Das Programm beansprucht wöchentlich 35 Stunden. „Jemand, der gesund werden will, vergeudet keine Zeit“, bescheidet Chefärztin Gottschaldt knapp. Nur: Der Weg dorthin muss erst mal geschafft werden. Hartmut Stepputtis hat die Erfahrung gemacht, dass viele Verantwortliche in den Unternehmen aus Unsicherheit sogar absichtlich weggucken und so helfen, das Problem auszudehnen.

„Das bleibt nicht ohne Folgen für die Unternehmenskultur und Arbeitseffektivität“, sagt der Suchtcoach. Psychotherapeut Helmut Kolitzus, der in Seminaren vermittelt, wie man suchtkranken Kollegen helfen kann, zitiert Schätzungen, nach denen Süchtige 20 bis 30 Prozent weniger Arbeitsleistung bringen, 16-mal häufiger fehlen und mit ihrer Negativität und Unberechenbarkeit das Klima vergiften.

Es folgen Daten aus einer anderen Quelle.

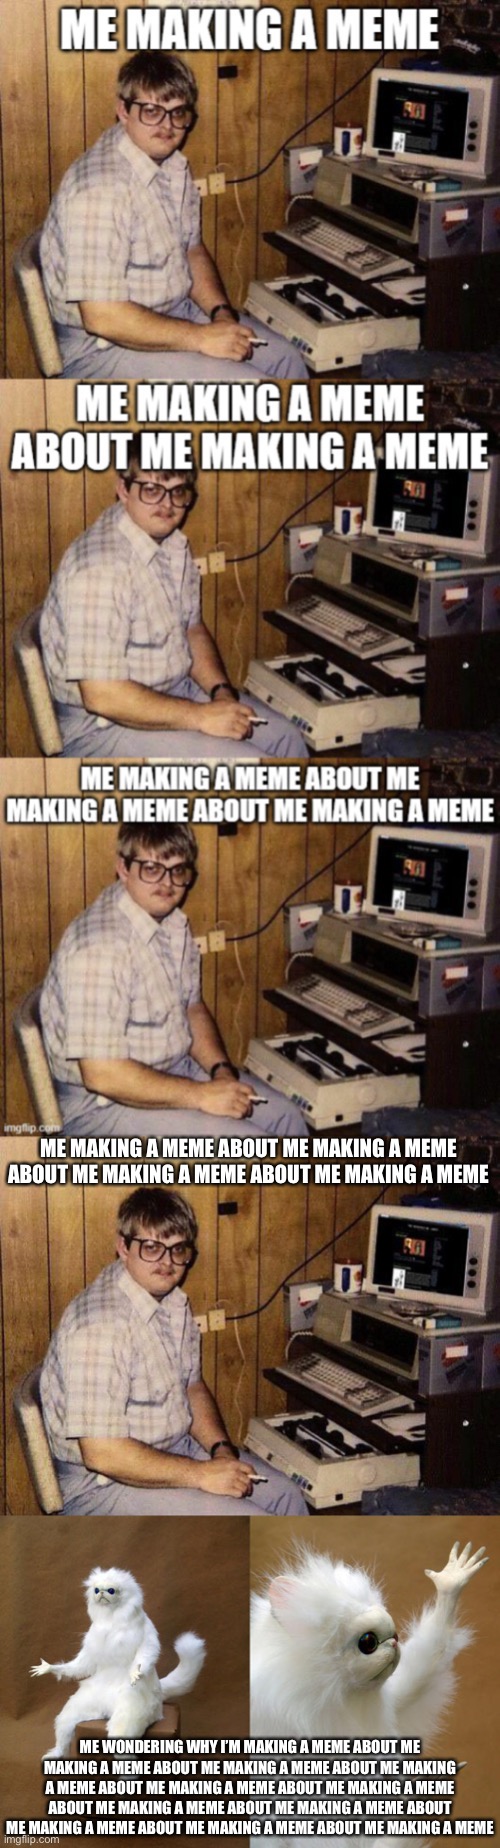  ME MAKING A MEME ABOUT ME MAKING A MEME ABOUT ME MAKING A MEME ABOUT ME MAKING A MEME; ME WONDERING WHY I’M MAKING A MEME ABOUT ME MAKING A MEME ABOUT ME MAKING A MEME ABOUT ME MAKING A MEME ABOUT ME MAKING A MEME ABOUT ME MAKING A MEME ABOUT ME MAKING A MEME ABOUT ME MAKING A MEME ABOUT ME MAKING A MEME ABOUT ME MAKING A MEME ABOUT ME MAKING A MEME | image tagged in computer nerd,memes,persian cat room guardian | made w/ Imgflip meme maker
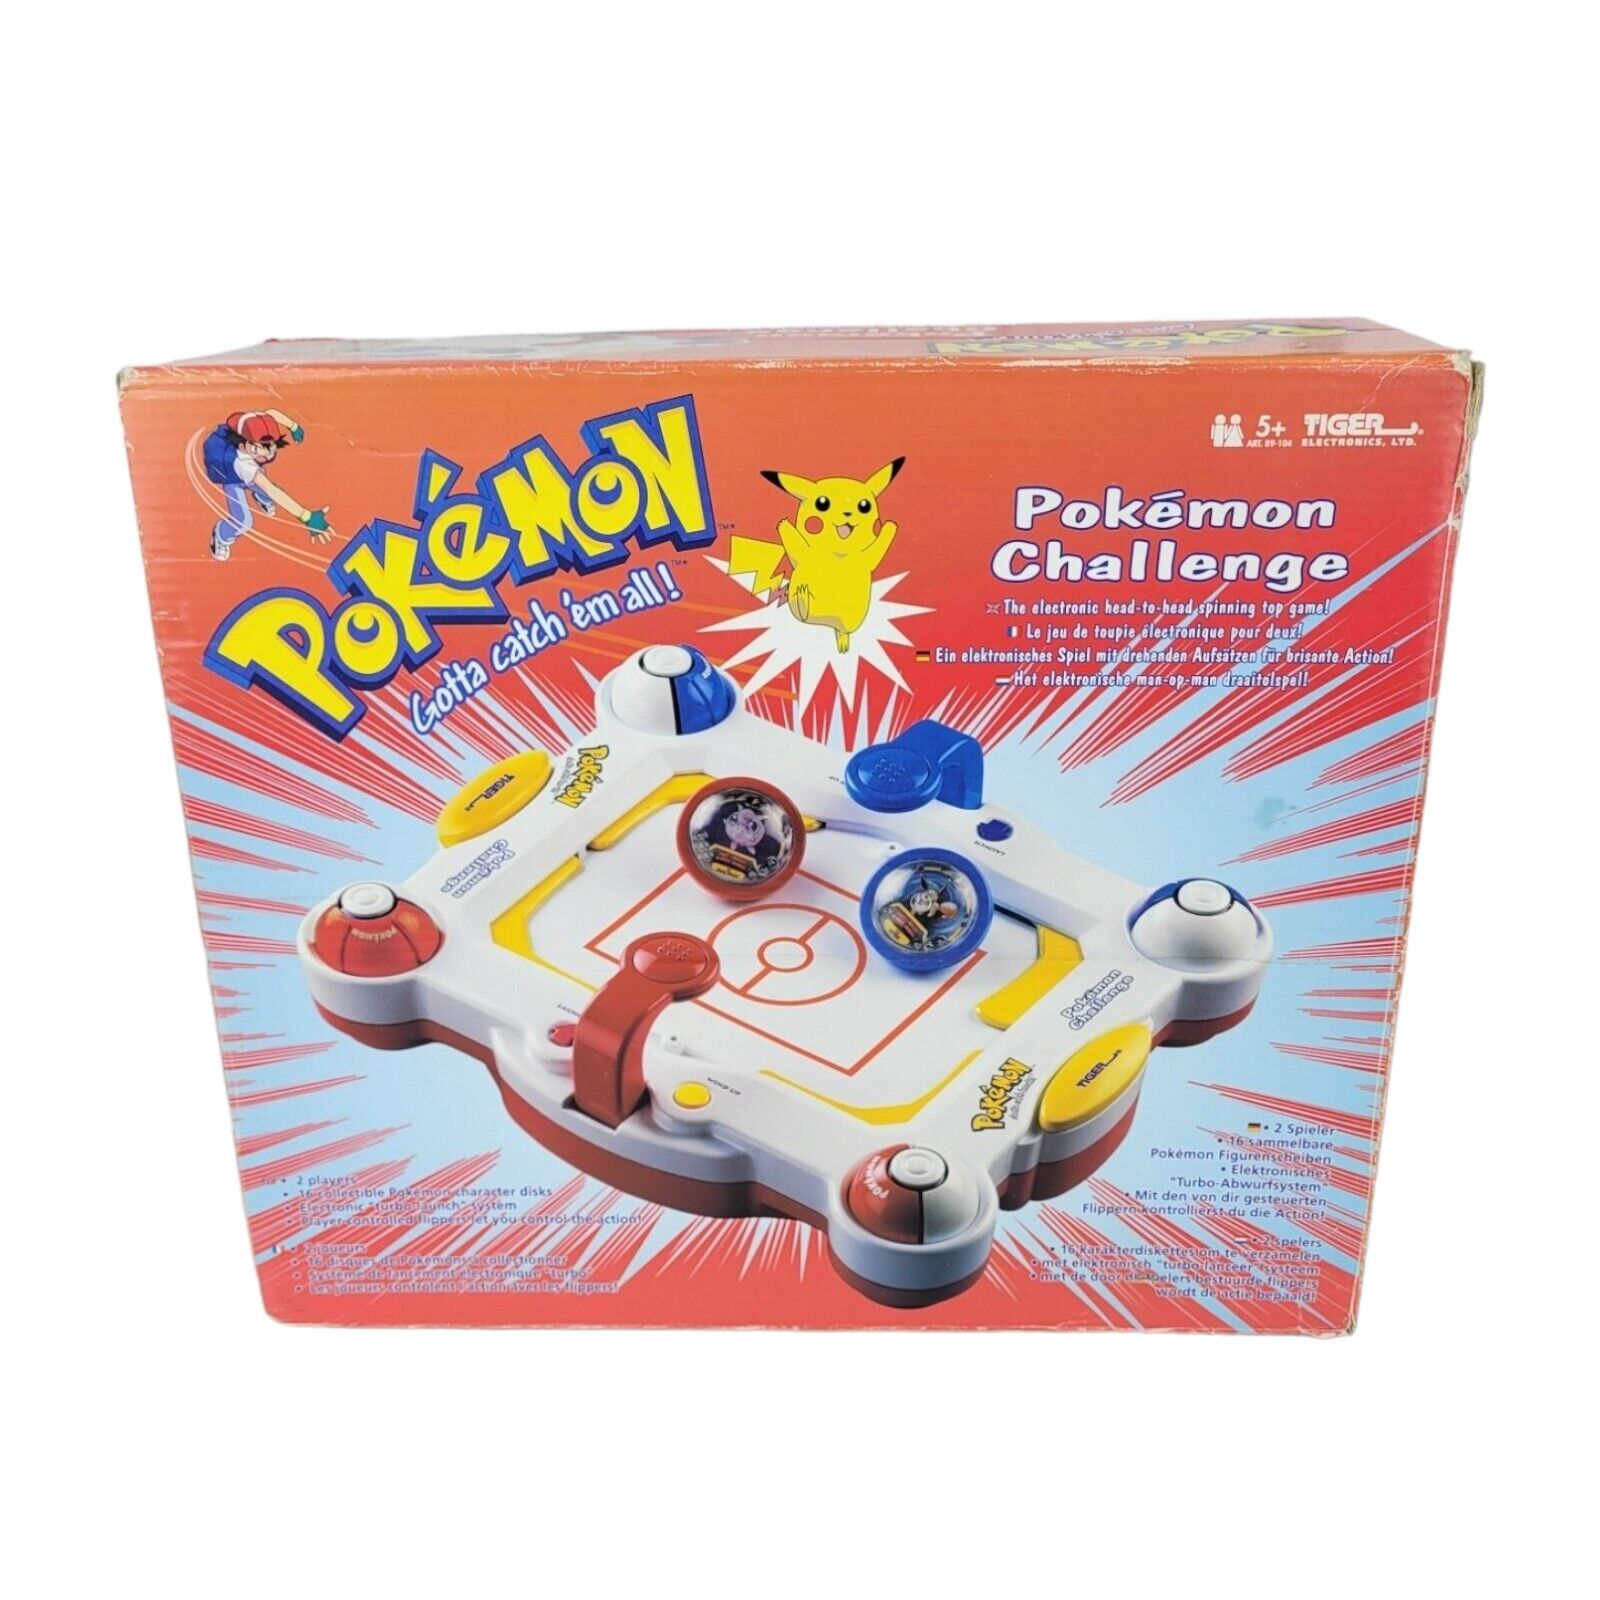 Pokemon Challenge Electronic Game by Tiger 1994 - Not Working

Doch nicht nur Vorgesetzte schauen gerne weg: Untergebenen bleibt oft nichts anderes übrig, auch wenn der Chef torkelt. „Beim eigenen Chef kann Kritik schnell zur eigenen Kündigung führen“, sagt Stepputtis. Aber auch unter Kollegen im mittleren Management sei die Sache schon recht heikel, weil oft ein erheblicher Verdrängungswettbewerb herrsche, was einen kritischen Satz rasch als Mobbingversuch erscheinen lasse.

Das grundlegende Problem ist aber die Tabuisierung des Themas. „Die Attribute, die einer Führungskraft zugeschrieben werden, sind Stärke, Gesundheit und emotionale Selbstkontrolle – nicht: Schwäche, Krankheit und Kontrollverlust“, verdeutlicht Stepputtis. Aus Angst vor Imageverlust täten auch Unternehmen alles, um die Sucht zu kaschieren - das sei eine Form von Co-Abhängigkeit. Eine, die das Tabu weiter zementiert.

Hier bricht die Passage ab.